Thursday, November 5, 2020

“Remoted” – Workday 160 / Day 234 (Thursday)

The new after work hobby already feels like a part-time job. Tonight involved another three-hour research journey. Holy moley. Add one record to a family tree and then there are dozens and dozens of potential records matches. Okay, more accurately, after the ten children in the family and a couple spouses were added, and there were 210 new “hints.” Modern technology is amazing. And exhausting.

In six hours of research I have learned that practically everything I thought I knew about Mummu’s family was not quite right. For example, I thought my grandmother, the youngest of ten kids, was the only child born in America but it turns out that all of the children in the family were born here. She was truly the only one to finish high school and the brothers and sisters made it through eighth grade. 

Suomi, land of my
 Holy Grail of info
.
Learning about the occupations of the past is interesting. On the census records, my great grandfather John had jobs including “Driver - Ice Crew” (1910); “Teamster – Coal Industry,” (1920); “Paper Maker – Paper Mill” (1930); and “Washer – Paper Mill” (1940). 
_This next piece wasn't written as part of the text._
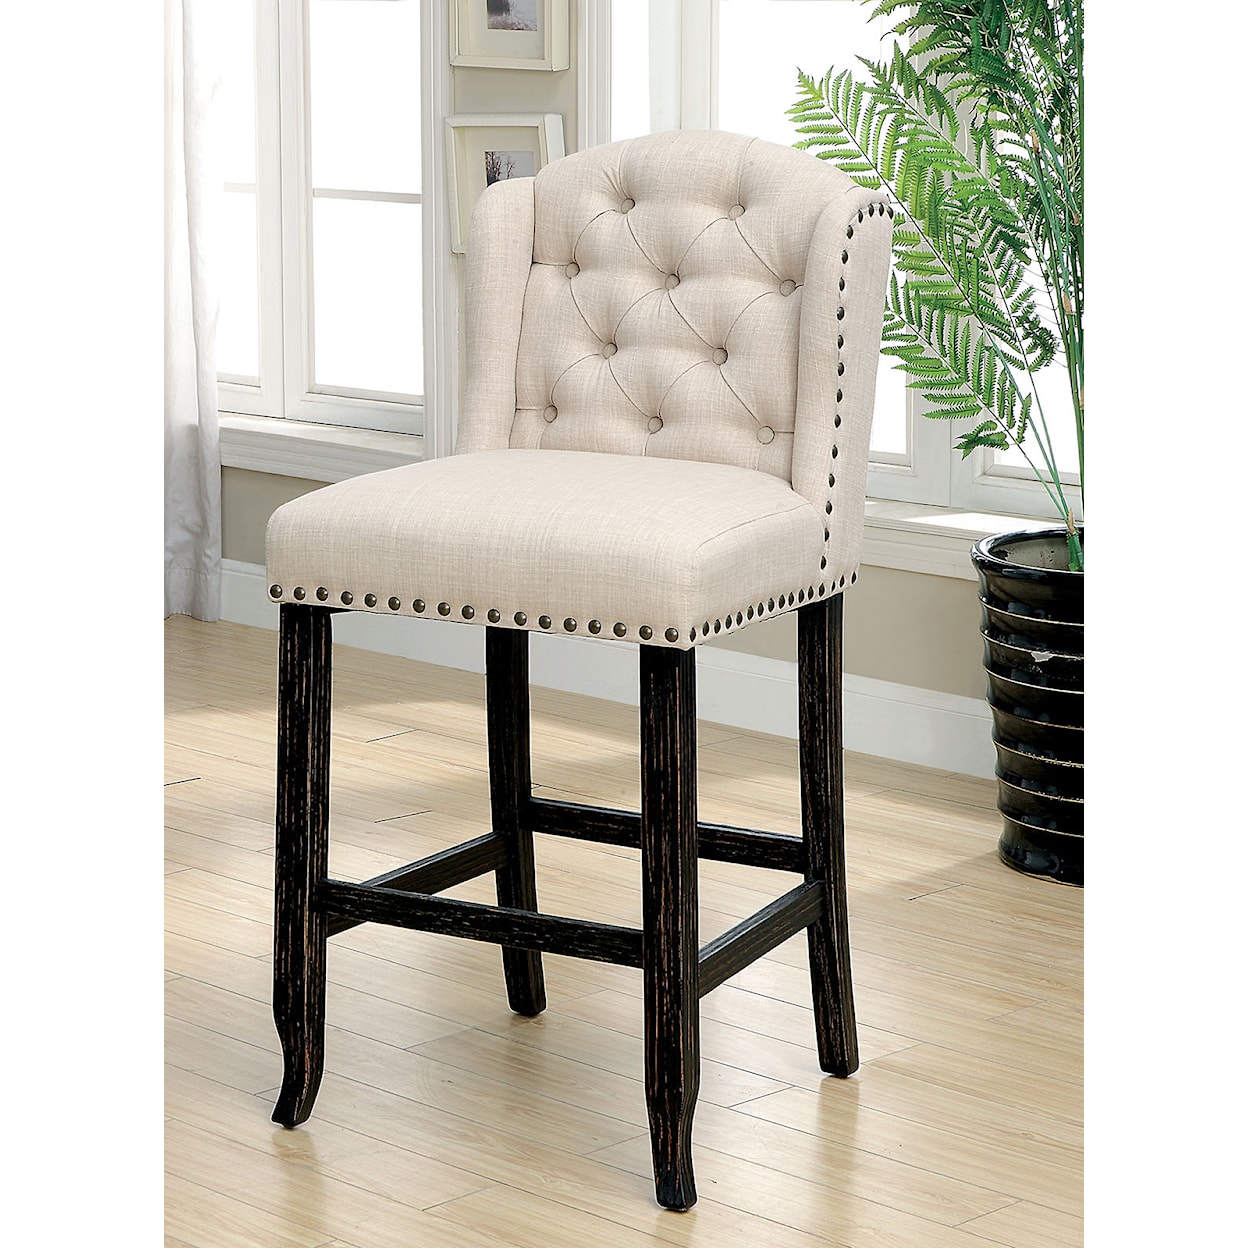 Furniture of America Sania III Wing Back Bar Height Chair

Two newspaper stories may involve my ancestor, but with more than one John Maki in the same city at the same time, it’s hard to know for sure. A newspaper story in July of 1943 has a John Maki of Falulah Paper falling during a power blackout and suffering a head injury. Another news story has a John Maki who was assaulted by three men on the same street where my John Maki lived, and brought to the police station for assistance by four other young men. I’m fairly certain my John Maki is not the one who was part of a murder investigation, who may be the same one who served time in Shirley Prison.

The Holy Grail is the missing key of how and into what port John Jaakko Maki and Wilhelmina Ollila arrived in the US from Finland in 1893, and every scrap of info from Finland. Right now, John and Minnie seem to have sprung into the world without benefit of parents. Sweden is listed on the country list in Ancestry, but not Finland. I wonder how many more Finnish lessons it will take before I can read documents in Finn, assuming I find any to read. Things to aspire to!